NCBI Taxonomy - Githubissues

healthyPlant / PhytoPipe

10 stars 1 forks source link

NCBI Taxonomy #1

Open sherlock0088 opened 1 year ago

sherlock0088 commented 1 year ago

Hi,

I tried to run this command with block size 1M from wiki: parallel -k --pipepart -a prot.accession2taxid --block 100M fgrep -F -f RVDB-prot.id.txt | cut -f 2,3 > RVDB-prot.taxonId.txt

Then I got a message" grep: memory exhausted

Just wondering if you have a solution for this issue.
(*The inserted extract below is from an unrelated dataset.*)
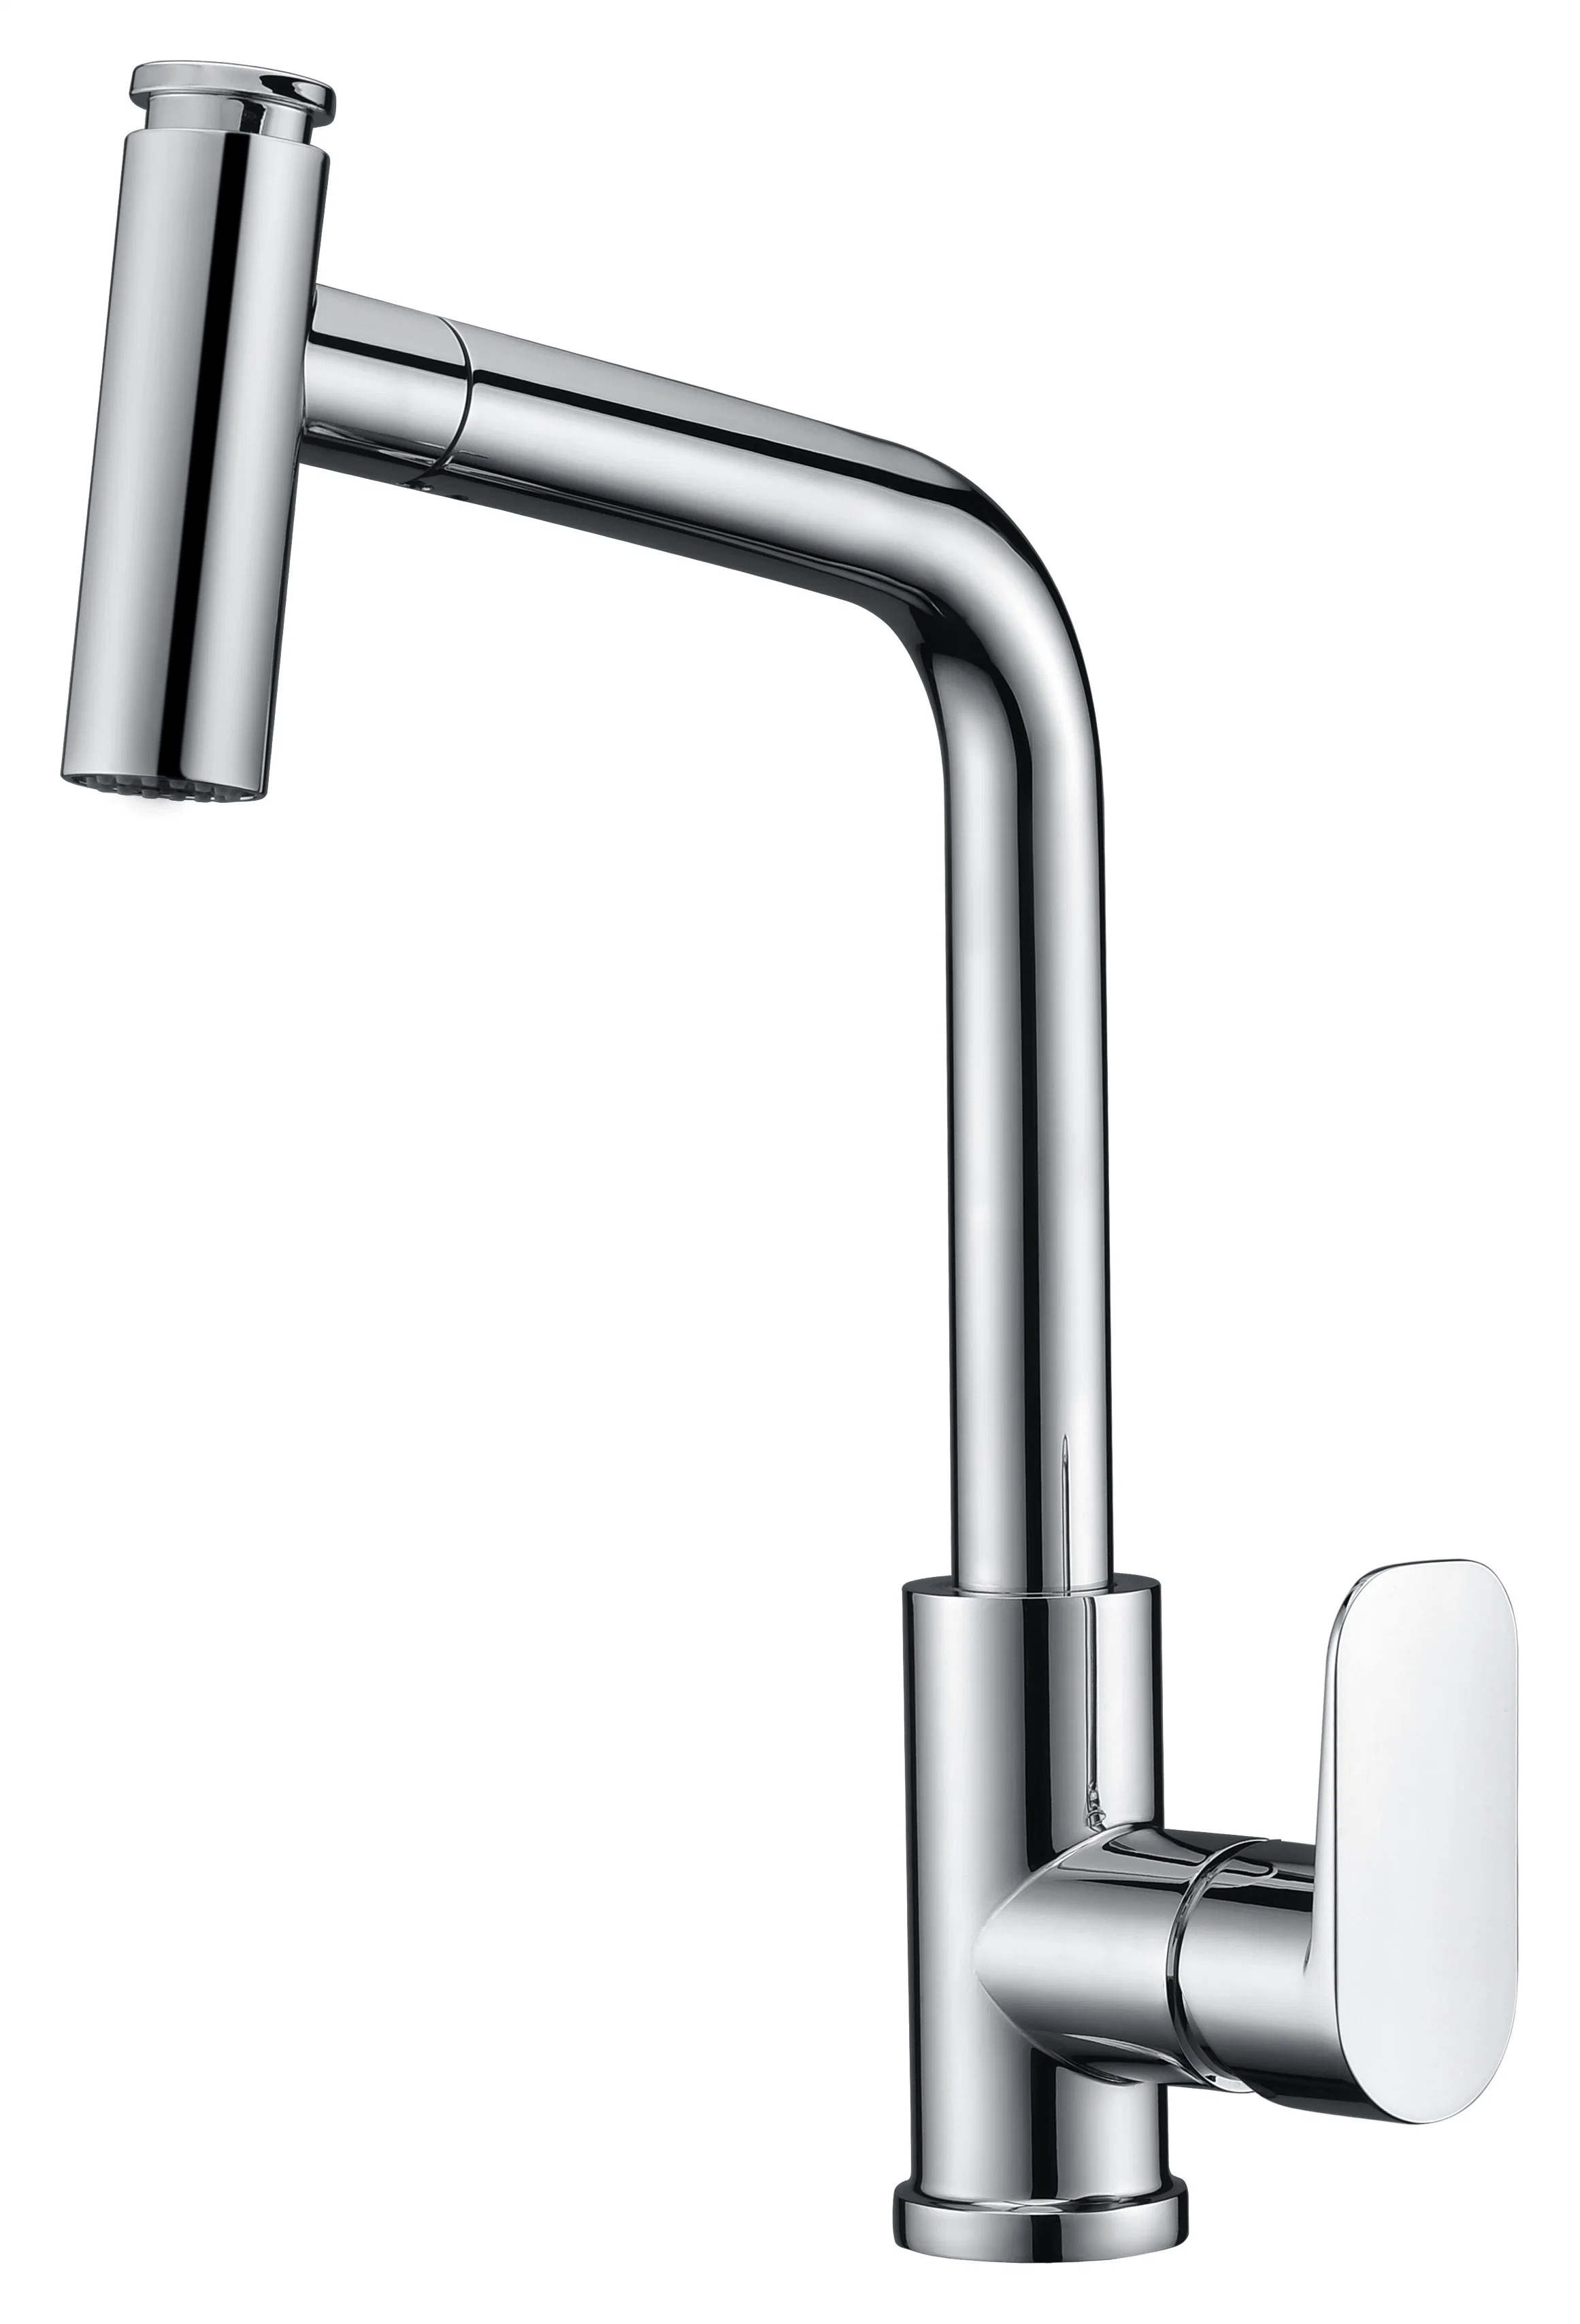 Single Lever Kitchen Mixer with Pulled out Head Sink Tap Brass Mixer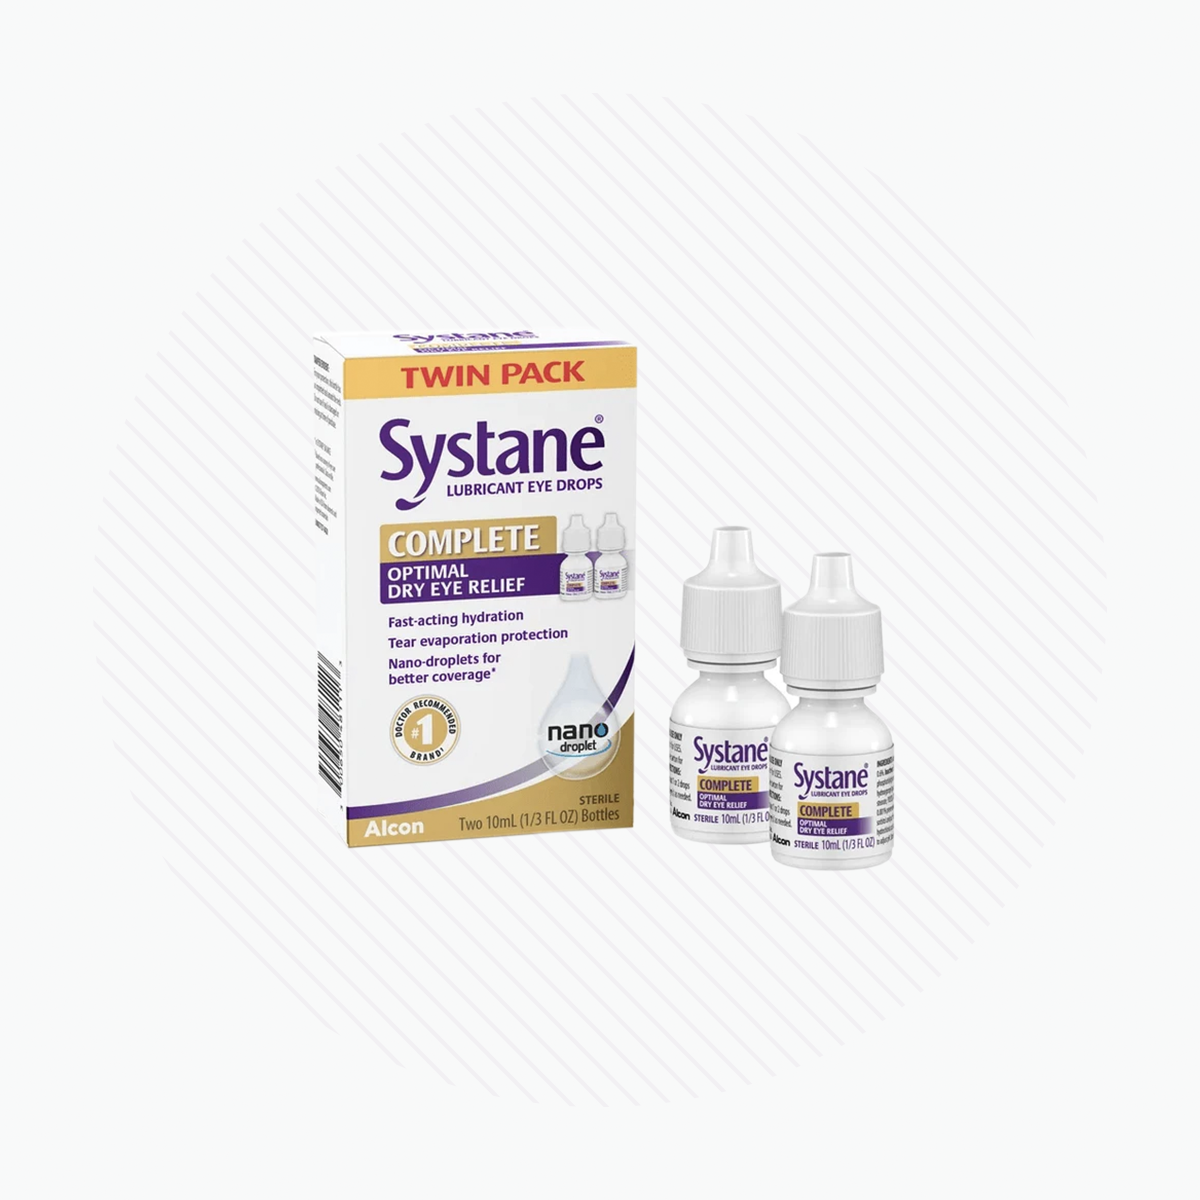 Systane Complete, Lubricant Eye Drops for Dry Eye Symptoms, Twin Pack (2 x 10ml Bottle)

Our workstation only have 128G memory.

Best, Yupeng

xhu556 commented 1 year ago

The "parallel" is used to speed up the process. I think you can ignore parallel. But it will take a long time. Try this

fgrep prot.accession2taxid -F -f RVDB-prot.id.txt | cut -f 2,3 > RVDB-prot.taxonId.txt

If you still have the same problem, please let me know. I can write a script for you.

sherlock0088 commented 1 year ago

Hi,

Thanks for quick reply.

New code worked fine.

Here is one more issue. When I ran with Docker, I got some error message. Here I attach the log file. I have double checked the files mentioned in runDocker.sh are in the directories I give as input in the runDocker.sh.

docker.log runDocker.txt

Best, Yupeng

xhu556 commented 1 year ago

Please pull our new docker image "healthyplant/phytopipe" and follow the steps in Issue "Kaiju segmentation fault in Docker image" to test Kaiju. I'm afraid that's caused by your small computer memory (128G) .